The Night Season, by Chelsea Cain

It’s raining in Portland, tonight. Big nasty storms have been deluging the city, flooding the Willamette, causing evacuations of basement offices — and mortuaries — and sweeping unlucky citizens into the churning, rushing murk to drown.
So it isn’t surprising when the police find drowned bodies. It is surprising when one of them is left sitting on a ride on the park, though.
It’s also surprising when it’s learned that some of the victims were dead before they hit the water…
It’s a good thing, then, that Portland is home to hero detective Archie Sheridan, the star of Chelsea Cain’s previous three thrillers (Heartsick, Sweetheart, Evil at Heart). In the past, this might not have been much help to the beleagured city, as Archie was a pale, shadowy wreck of a man, having barely survived an encounter with Gretchen Lowell – the infamous Beauty Killer.
But, after three novels’ worth of being haunted, taunted, fascinated, repulsed, and paradoxically attracted to the woman who abducted, tortured, killed, and then revived him, Archie has seemingly triumphed. With Ms. Lowell safely locked away, and no longer having any real hold over his heart and soul, Archie has been able to regenerate his monstrously damaged psyche. His body’s still something of a meaty mess, as one might expect, but he’s up on his feet and doing serious police work, now, instead of being a ghost of his former, fully functional self.
Having said that, he gets by with more than a little help with his friends. So when one of those friends is almost murdered by the killer, and left fighting for life, Archie finds he has to grow back up again just a little faster. Questions over the murderer’s motive and methods swirl together as the storm worsens, threatening to sweep away both the city and the evidence of crimes past and present. There are several races against time going on, here, and it will take all of Archie’s remaining faculties and friends to solve this mystery before the Night Season comes to a rushing, violent close.
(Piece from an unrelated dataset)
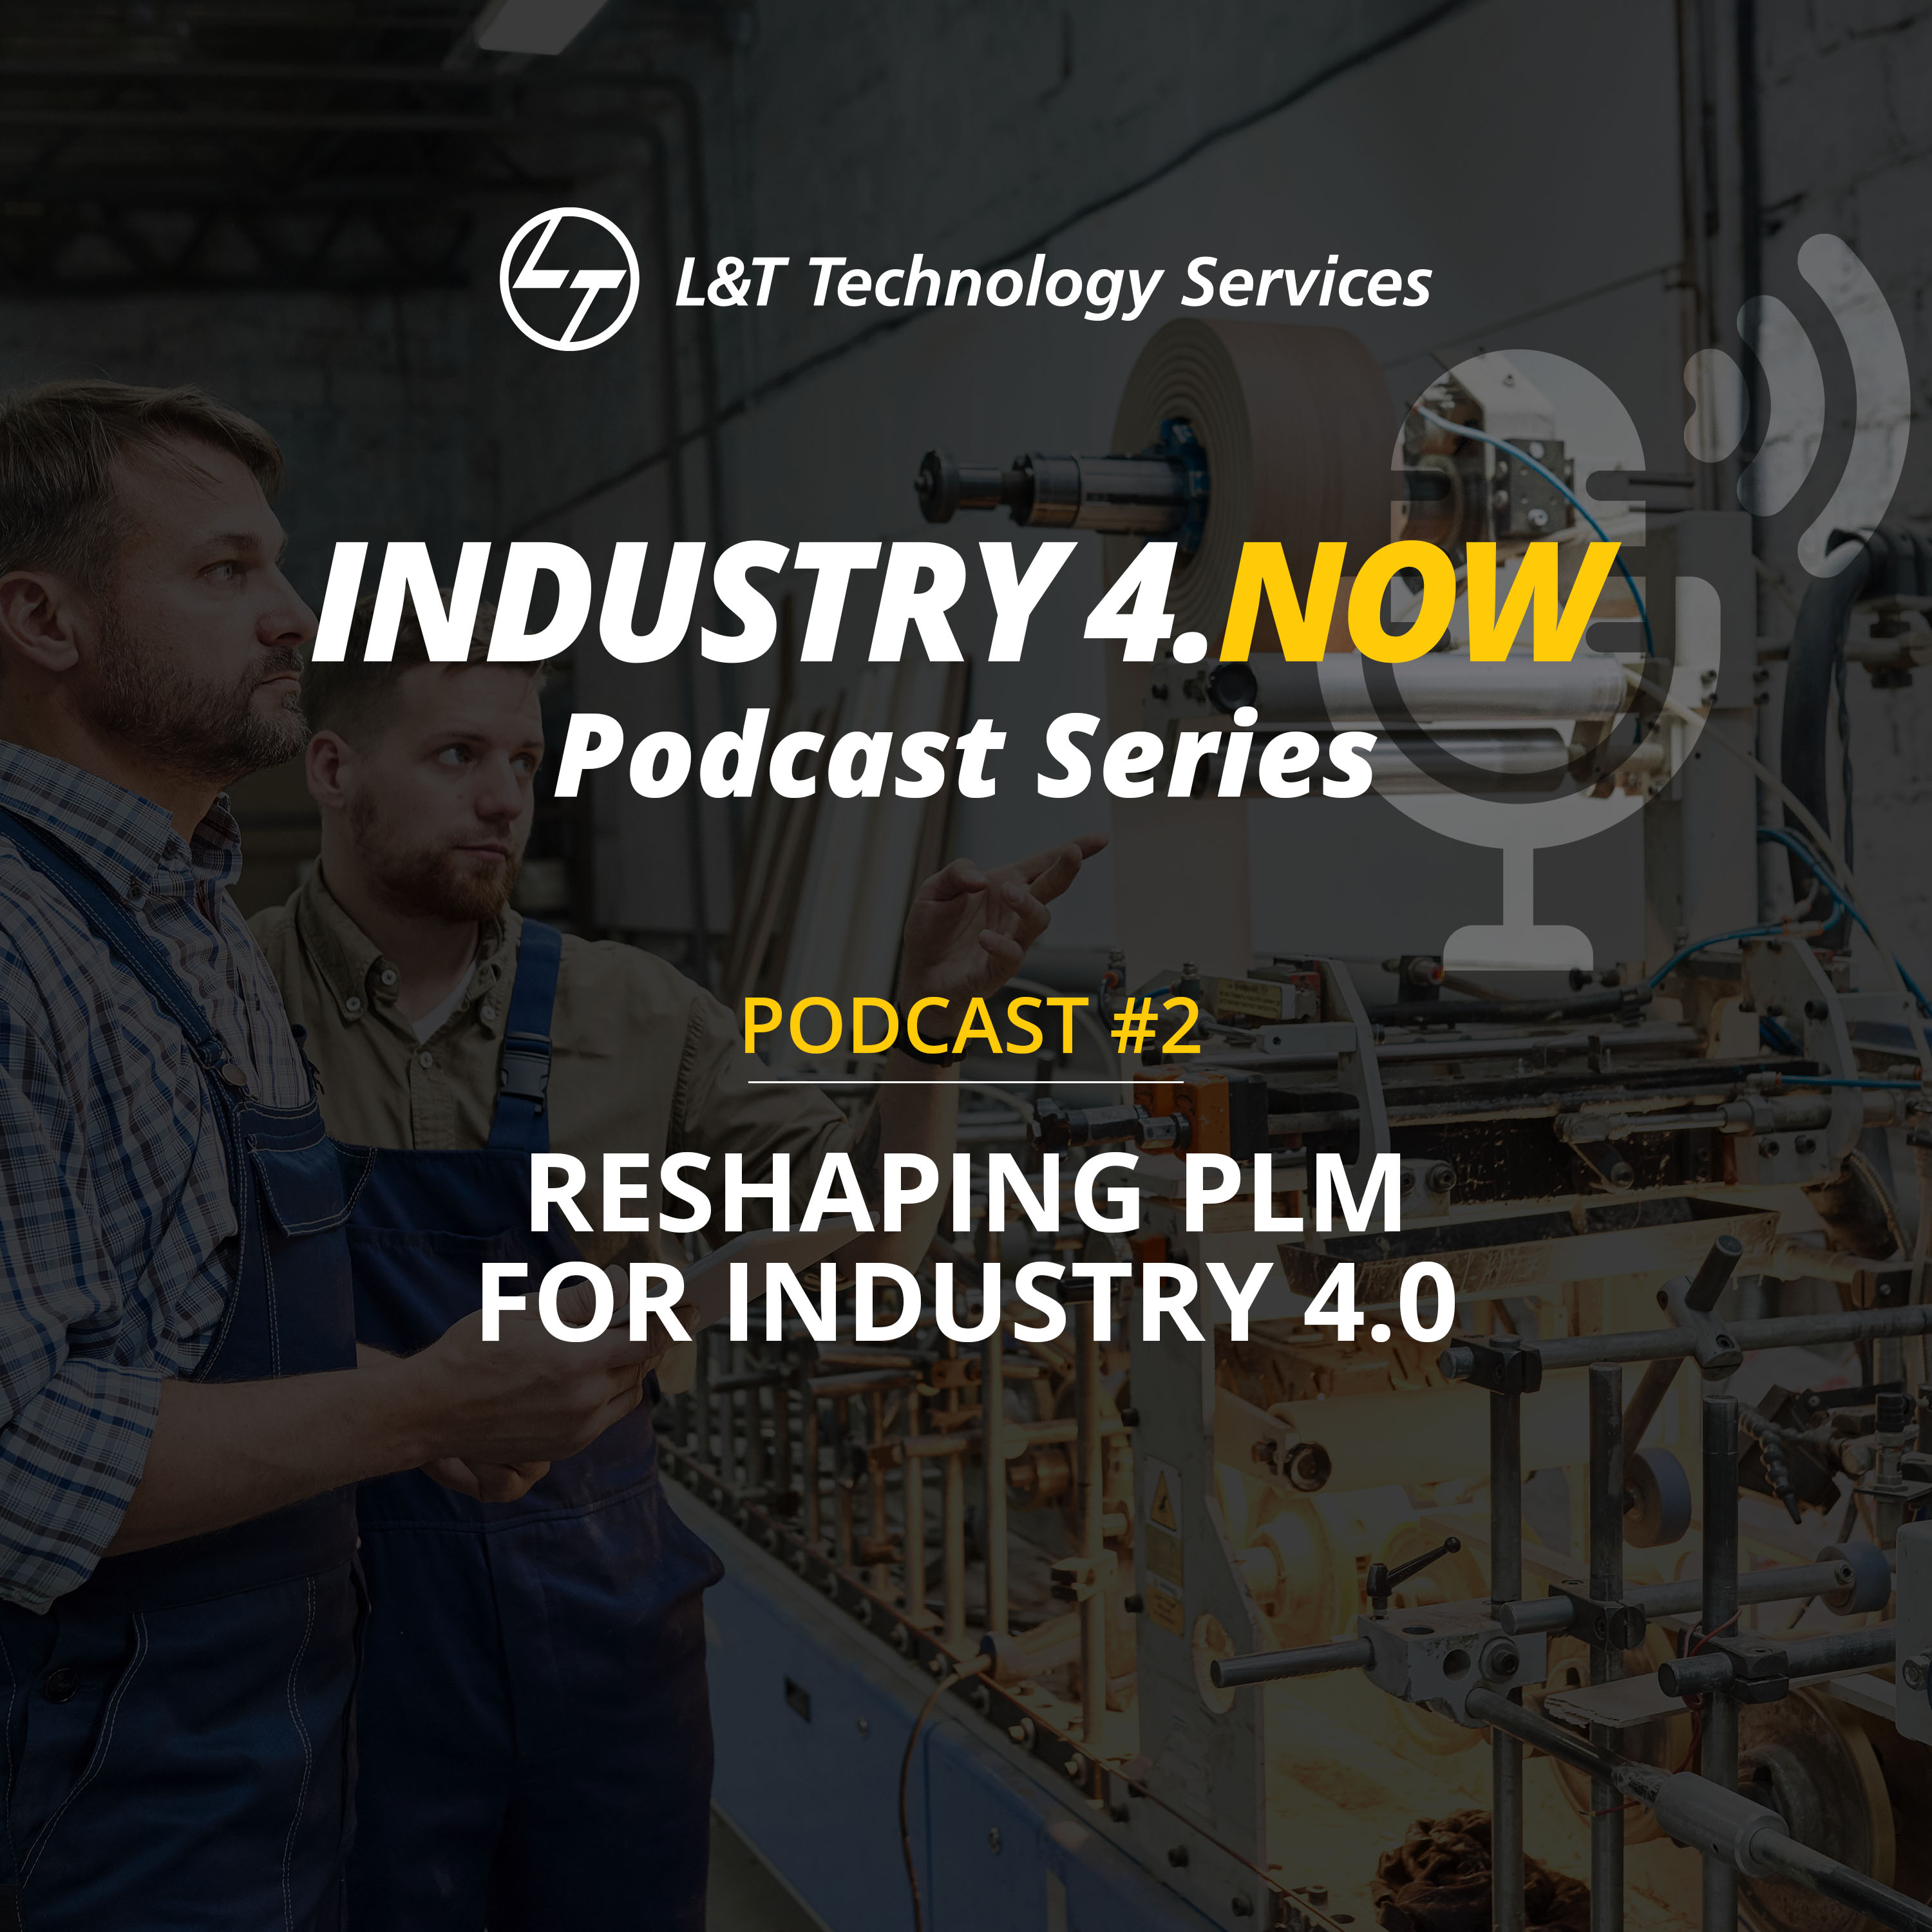 PLM for Industry 4.0

I approached this book looking forward to another suspenseful tale from an up and coming master in that field, whose previous works have had me enthralled and wanting more, hopelessly entrapped in the Beauty Killer’s sinister spell. This time out I got a good thriller, but, sadly, I came to the realization that The Night Season was lacking an essential ingredient without Gretchen. A great deal of the suspense of Cain’s last three books came from the lovely serial killer and her murderous activities. A sultry, smirking Joker to Archie’s broken Batman, her very presence often lit the pages on fire, and her absence made me more afraid.
One of the chief ironies of the previous trilogy was that while Gretchen brought Archie back to life, she really killed him on that table — excising his soul along with his spleen. The Night Season — and Archie Sheridan’s character — seriously suffers for her absence. It almost seems like Cain is attempting to show that the tight-knit group of characters she’d spent three books honing can still function as a team, but it seems a mistake to have picked their story up again. Compared to her previous three works, the title of The Night Season isn’t the only thing missing a heart.
Those who loved Ms. Cain’s previous works will still want to read this latest chapter, but it makes a poor jumping off point for new readers. I’d highly recommend taking a gander at the classic Heartsick, first, to see an example of thriller writing at its best.
The Night Season is on our shelves now.